Les performances psychométriques d’une échelle de
suivi doivent être élevées, et notamment la fiabilité de
l’échelle qui traduira sa stabilité ou sa reproductibilité
même en condition de mesures répétées. La validité de
l’échelle traduit le degré avec lequel l’échelle mesure
ce qu’elle doit mesurer. Elle s’évalue par les corrélations entre les scores mesurés et d’autres paramètres
évaluables, comme par exemple la pression de repos
du SIO, l’exposition acide de l’œsophage, des scores
de qualité de vie. La réactivité traduit l’aptitude de
l’échelle à détecter des changements modestes de la
symptomatologie, et ce dans les délais les plus courts
possibles (ce qui dépend à nouveau de la fréquence
d’échantillonnage).
Le développement d’une échelle de suivi des symptômes chez les malades ayant un RGO est donc un travail
particulièrement lourd, et jusqu’à maintenant aucune
des échelles proposées ne permettait de satisfaire
l’ensemble des caractéristiques identifiées dans le
tableau 1.
La mise au point selon une approche originale (CTT) de
l’échelle ReQuest™ semble remplir la plupart de ces
caractéristiques.

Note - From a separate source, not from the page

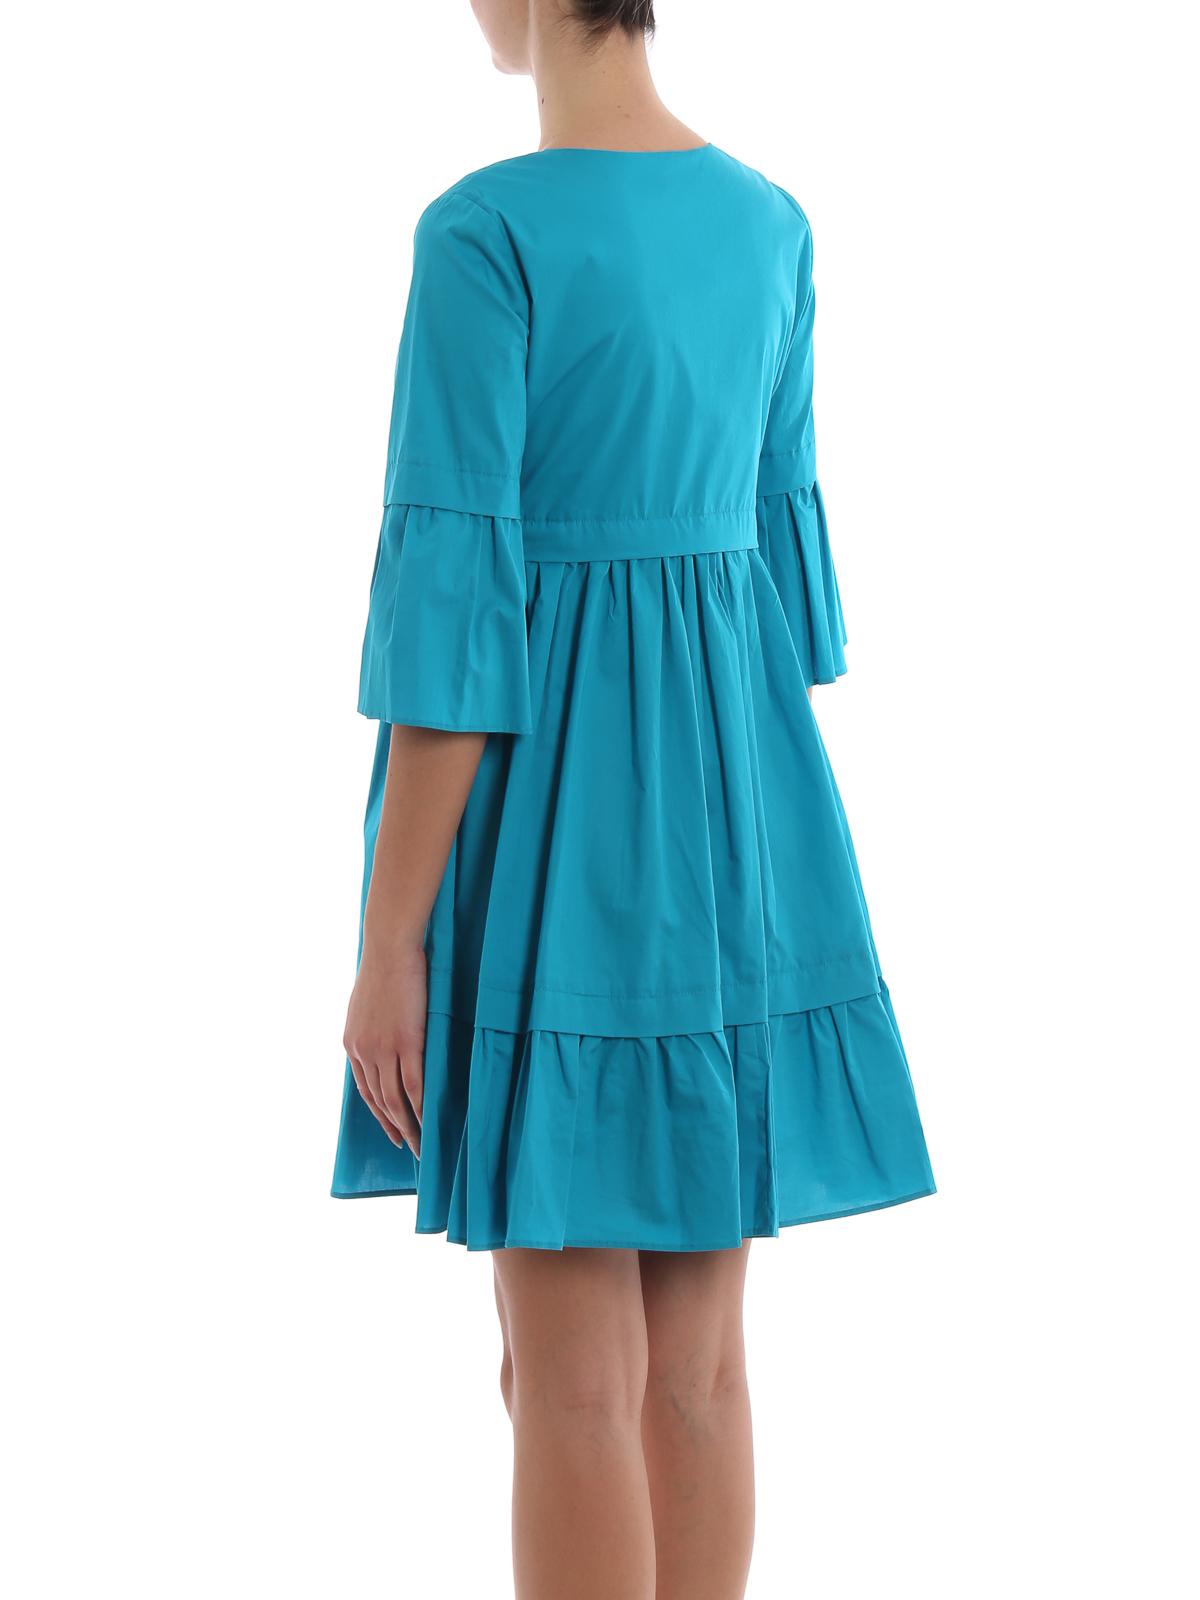 Twinset   Kurzes Kleid   Hellblau   Kurze Kleider   9TT9
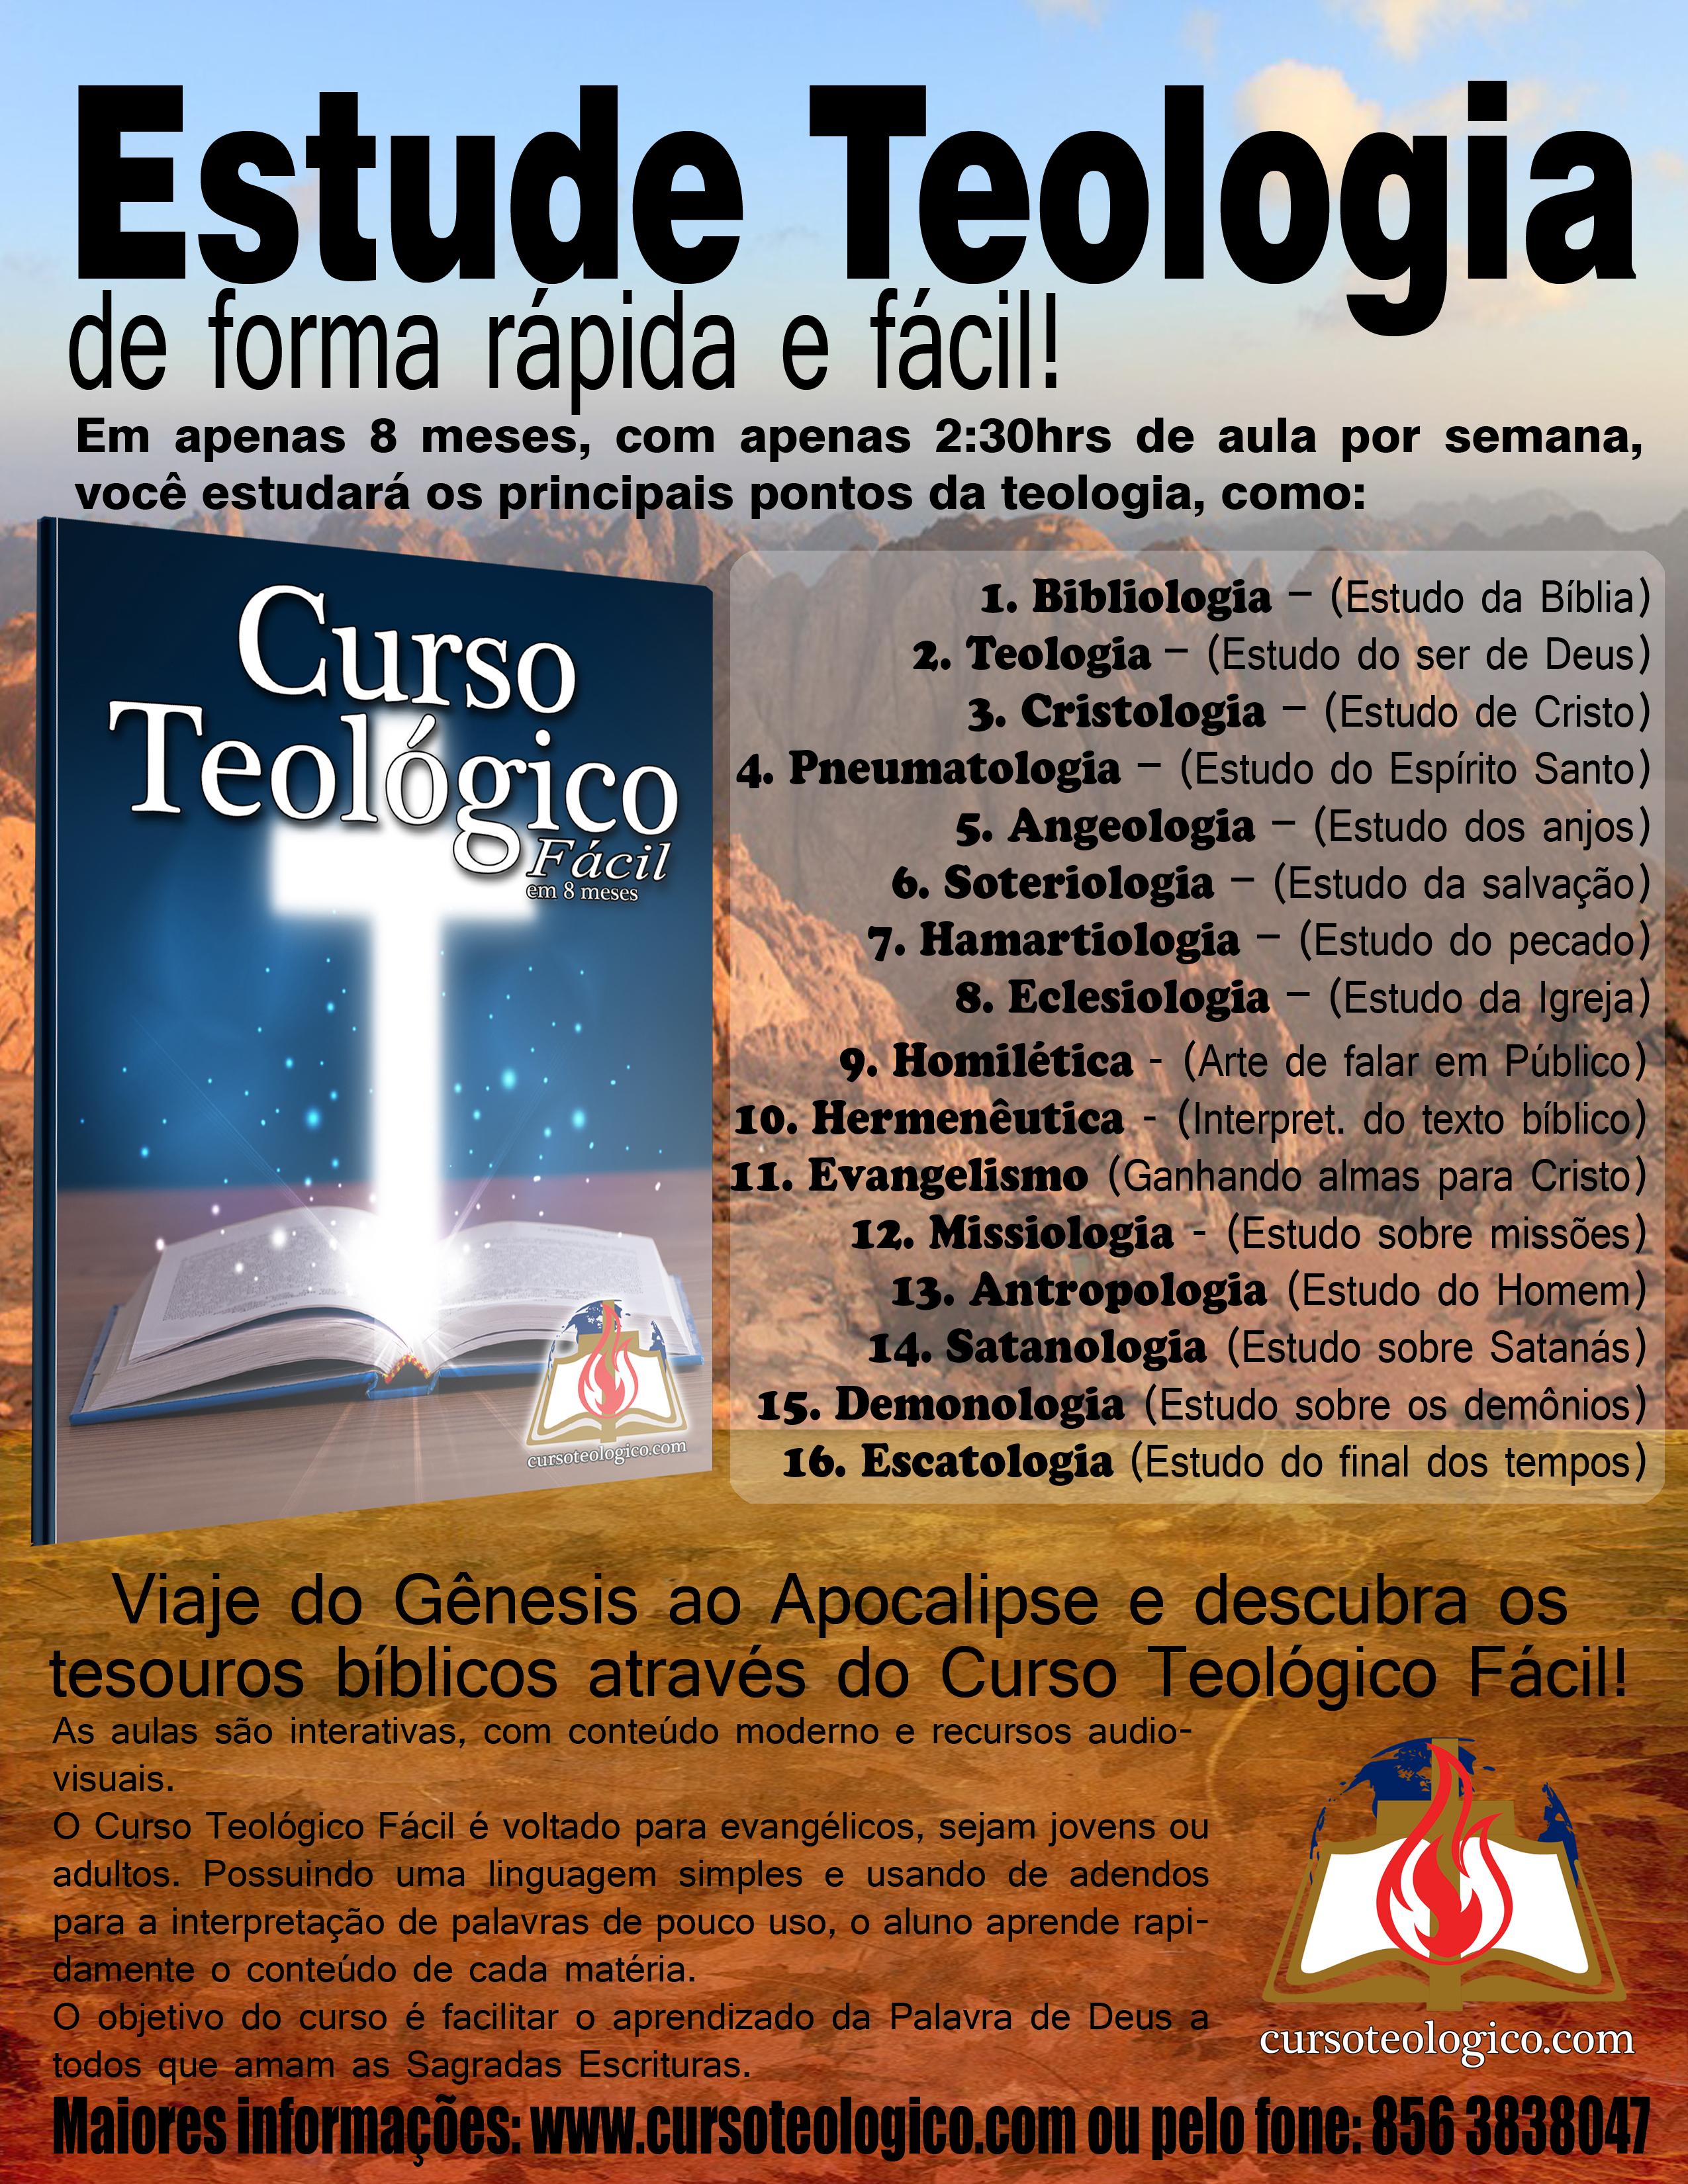 Curso Teológico Fácil - Nível I

L’échelle ReQuest™ a été développée
en mettant dans un modèle mathématique tous les
symptômes qui peuvent être présents chez les malades
ayant un RGO. Les données concernant cette nouvelle
échelle ont été revues et détaillées par des membres du
consortium CRITERE, et font l’objet de l’article publié
dans ce numéro par Philippe Ducrotté et Frank Zerbib.
Nous espérons qu’elle fournira ainsi l’accès à ce nouvel outil et son utilisation pour les futures études consacrées au RGO, notamment dans sa forme non érosive.